Where Have All The Branch Closures Gone?

This Month in Retail Banking

Here’s a trend that many industry observers may find surprising: Even after accelerated closures during the pandemic, branch office closings for the past year are 29% below the five-year pre-pandemic average. Throw out the closures associated with the Truist (BB&T/SunTrust) and U.S. Bank/Union mergers and the gap widens to 39%. (See Figure 1.) This is based on FDIC Events & Changes data, and while they may lag a month or two due to the collection of data from other regulatory agencies, we expect the trend to hold up.

Figure 1: Branch Closings By Quarter

Source: FDIC Events & Changes data, 2023

A tempting explanation for the reduction is that banks right-sized their networks during the pandemic, thereby obviating the need for further closures now, but Curinos believes that this is not the case. With customer behavior continuing to shift away from physical to digital delivery, the industry continues to exhibit a surfeit of branches. Over the past 12 months, teller transactions per branch have been down by more than 5%, which is similar to the transactional declines before the pandemic. And while new branch accounts have risen modestly this year, it’s entirely the result of increased CD sales. New-customer acquisition continues to be more than 20% below pre-pandemic levels.    
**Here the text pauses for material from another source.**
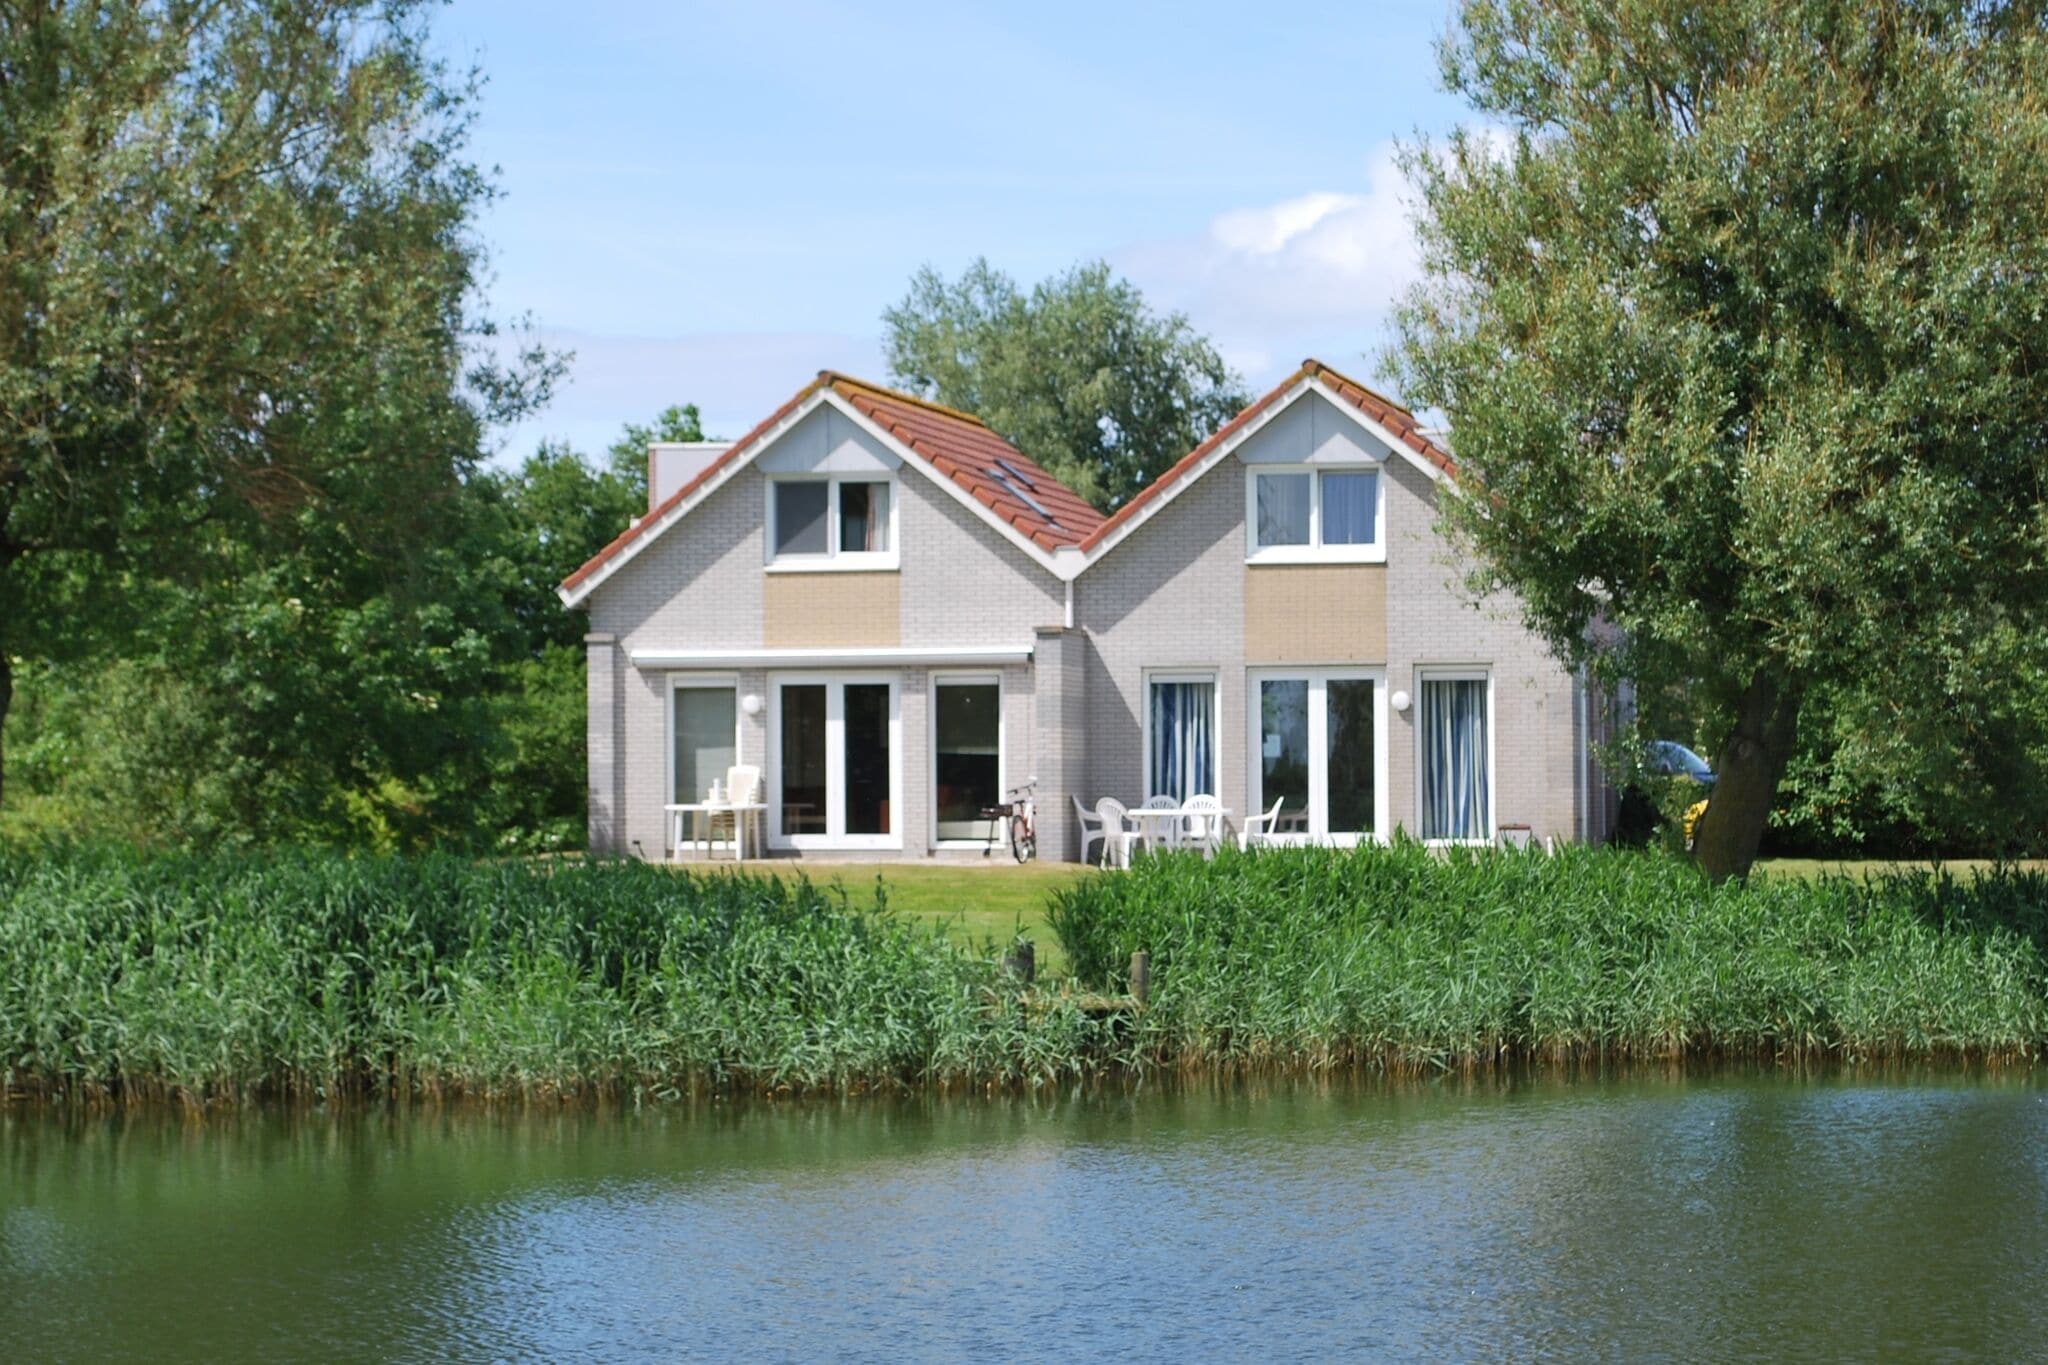 Schönes Ferienhaus am Wasser in Friesland

In Curinos’ view, the primary reason banks curtailed closing branches was because of expanding net interest margin (NIM) as the Fed rapidly raised interest rates. Expanding margins reduced the focus on expense management, which led to fewer branch closures. 

As interest rates stabilize and NIM begins to contract, we expect to see a renewed focus on expense management and accelerated branch closures. But because branch closures can adversely affect long-term customer growth, expense management needs to include reinvesting a portion of the savings in other drivers of growth such as marketing, digital and the salesforce. All of this should be done in the context of market-based strategies in which reinvestment needn’t be deployed in the same market but can be applied to markets with greater need and/or opportunity.